Grünes Licht für Neuer-Stiftung als Träger der freien Jugendhilfe in Gelsenkirchen

Nationaltorwart Manuel Neuer bei der Einweihung des „Manus“, dem neuen Kinder- und jugendhaaus in Buer, in das 1,5 Millionen Euro aus Neuers Kids Foundation flossen.
Nationaltorwart Manuel Neuer bei der Einweihung des „Manus“, dem neuen Kinder- und jugendhaaus in Buer, in das 1,5 Millionen Euro aus Neuers Kids Foundation flossen.
Foto: WAZ FotoPool
Die Manuel Neuer Kids Foundation ist jetzt auch im Kreis der Träger der freien Jugendhilfe in Gelsenkirchen angekommen. Einstimmig beschloss der Ausschuss für Kinder, Jugend und Familie am Dienstag die Anerkennung.

Gelsenkirchen.. Fast genau vier Jahre nach ihrer Gründung ist die gemeinnützige Manuel Neuer Kids Foundation nun auch anerkannter Träger der freien Jugendhilfe in Gelsenkirchen.

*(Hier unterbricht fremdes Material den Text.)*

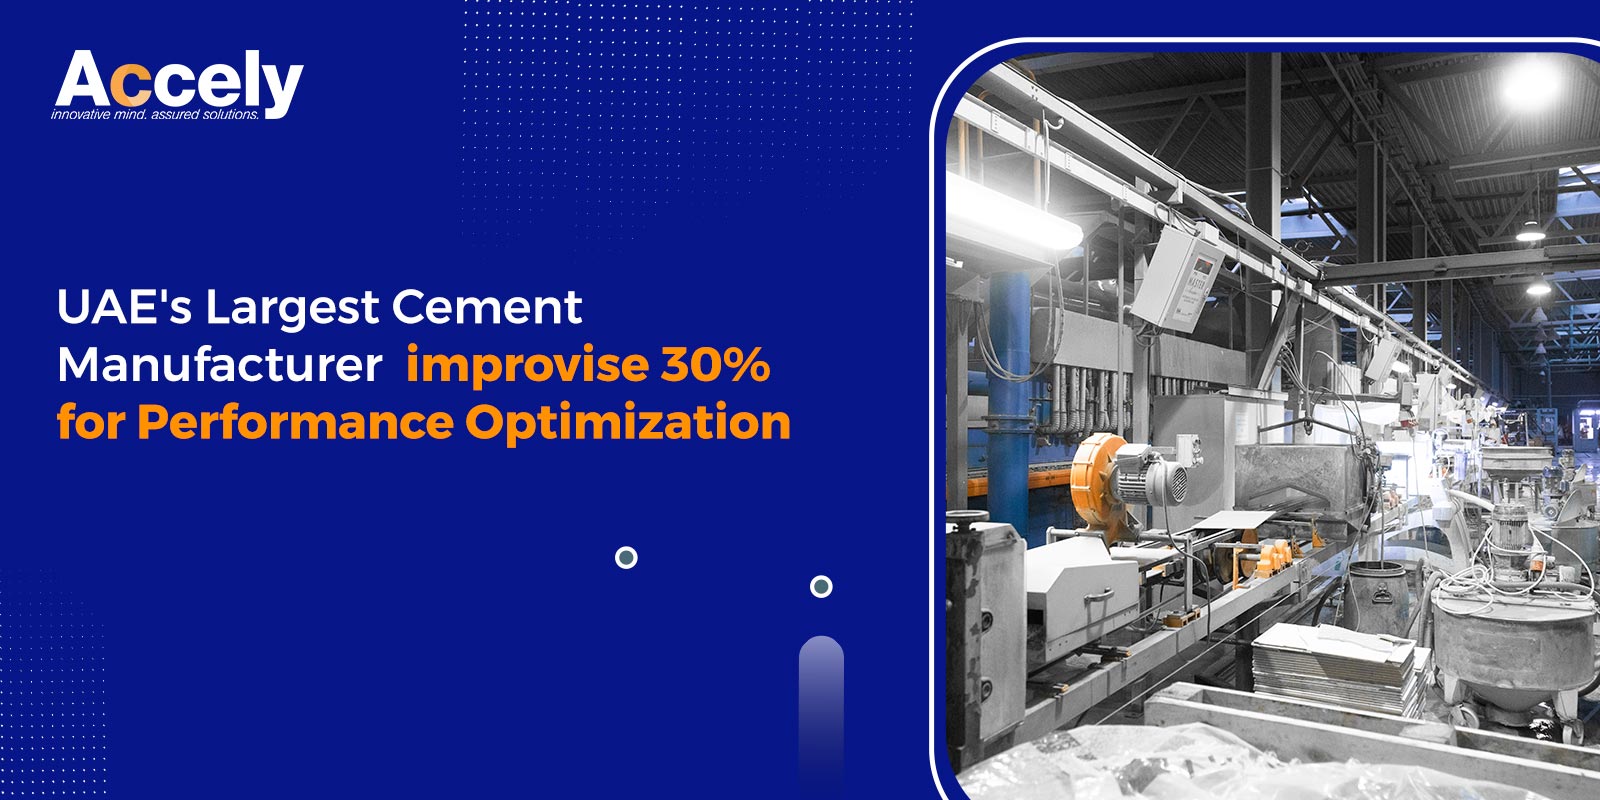 UAE's Largest Cement Manufacturer improvise 30% for Performance Optimization
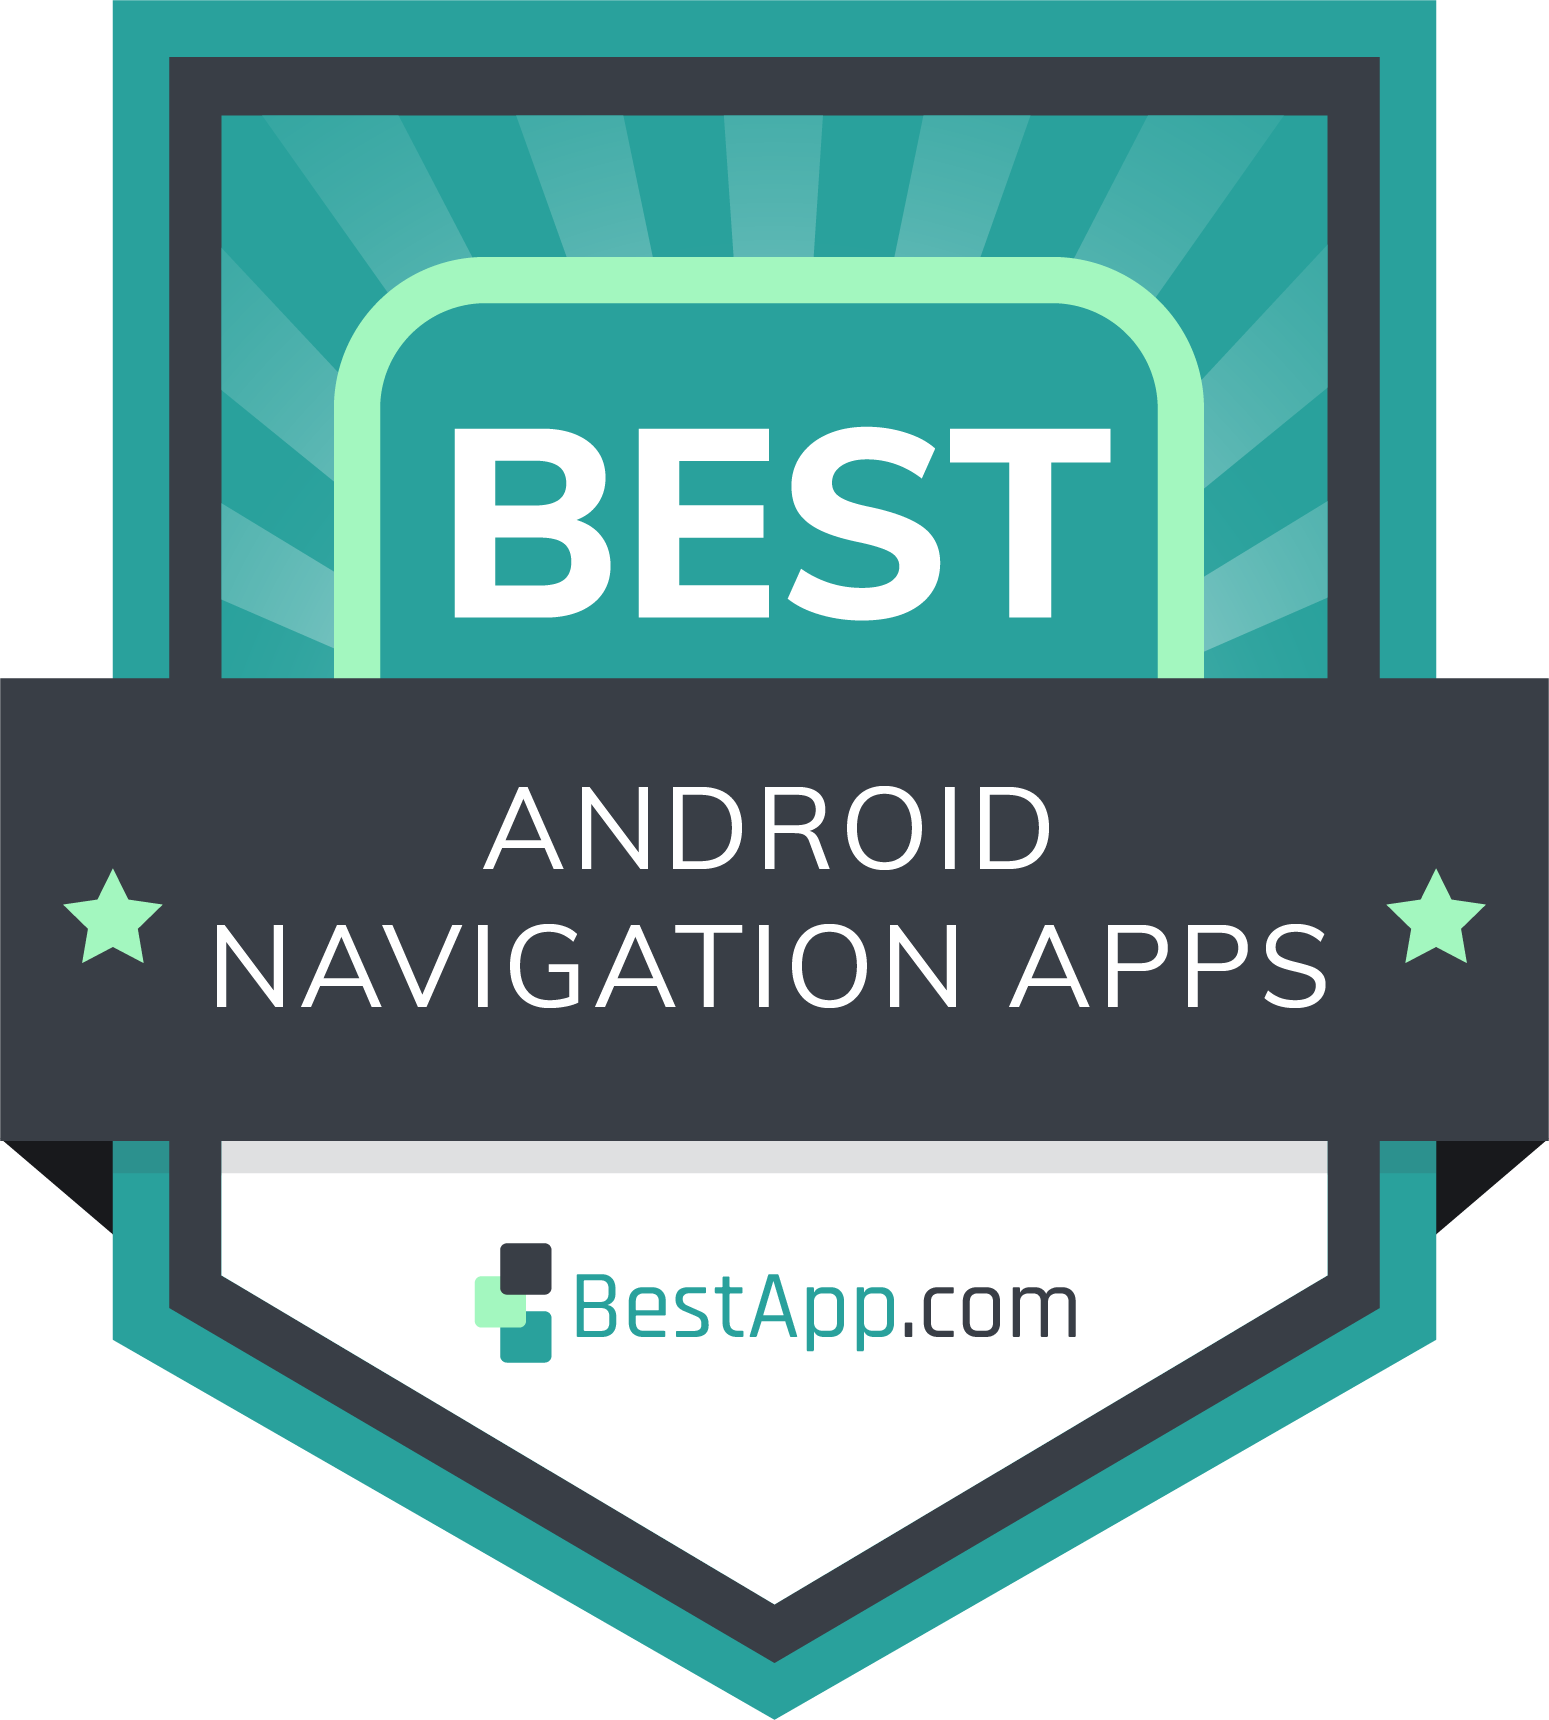 Best Android Navigation Apps Badge

In seiner Sitzung am Dienstag hat der Ausschuss für Kinder, Jugend und Familie einem entsprechenden Antrag der Stiftung grünes Licht gegeben.

Der Beschluss, bezeichnender Weise im neuen Kinder- und Jugendtreff „Manus“ (Hände) in Buer gefasst, fiel einstimmig und folgte der Empfehlung der Verwaltung, die im September Gespräche mit Stiftungsvertretern geführt und die Voraussetzungen geprüft hatte. Schalkes ehemaliger Superkeeper und heutige Nummer 1 im Bayern-Tor war bei der offiziellen Einweihung des neuen Hauses vor zwei Wochen selbst zur Stelle. Im Ausschuss begrüßte gestern Stiftungs-Geschäftsführer Hendrik Schulze-Oechtering die Mitglieder des Gremiums.

„Dankbar, dass jemand ohne Verpflichtung sein Geld so sinnvoll anlegt“

Im Vorfeld der Einstimmigkeit schwang in einigen Wortbeiträgen aber auch ein ganz zarter Sorgenton mit. Etwa in der Stellungnahme der Ev. Kirche, die Peter Schmidt als Vertreter der evangelischen Jugend vortrug. Darin wird darauf verwiesen, dass sich 200 Meter Luftlinie vom neuen Manus entfernt der Treff „ApOTheke“ der Trinitatis-Gemeinde Buer befinde. „Die unmittelbare Nachbarschaft macht es nötig, Events abzustimmen“, heißt es da unter anderem.

SPD-Sprecherin Silke Ossowski schwärmte: „Ich hätte diese Einrichtung auch gerne in Schalke gehabt. Sie ist genau im Sinne der Kinder und Jugendlichen in Gelsenkirchen.“ Und meinte weiter: „Wir müssen wohl auch nicht die Sorge haben, dass hier in absehbarer Zeit eine Finanzspritze notwendig ist.“ Ausschuss-Vorsitzender Ralf Lehmann (SPD) unterstrich, man werde einvernehmlich mit allen Trägern zusammenarbeiten und Monika Kutzborski (CDU) betonte: „Wir müssen dankbar sein, dass hier jemand ohne Verpflichtung sein Geld so sinnvoll anlegt.“

Um die von Lehmann angekündigte Zusammenarbeit der Träger geht es der Stiftung auch grundsätzlich. Das sagte Geschäftsführer Schulze-Oechtering am Rande der Sitzung zur WAZ. Seit drei Jahren ist die Manuel Neuer Kids Foundation bereits in der Stadt, die den Ausnahmefußballer groß gemacht hat, gemeinnützig unterwegs. Mit dem Ziel, sozial benachteiligten Kindern und Jugendlichen Hilfe und Unterstützung zu bieten. Schon daraus ergibt sich, wie Jugendamtsleiter Alfons Wissmann erklärte, ein Anspruch auf Anerkennung als Träger der freien Jugendhilfe.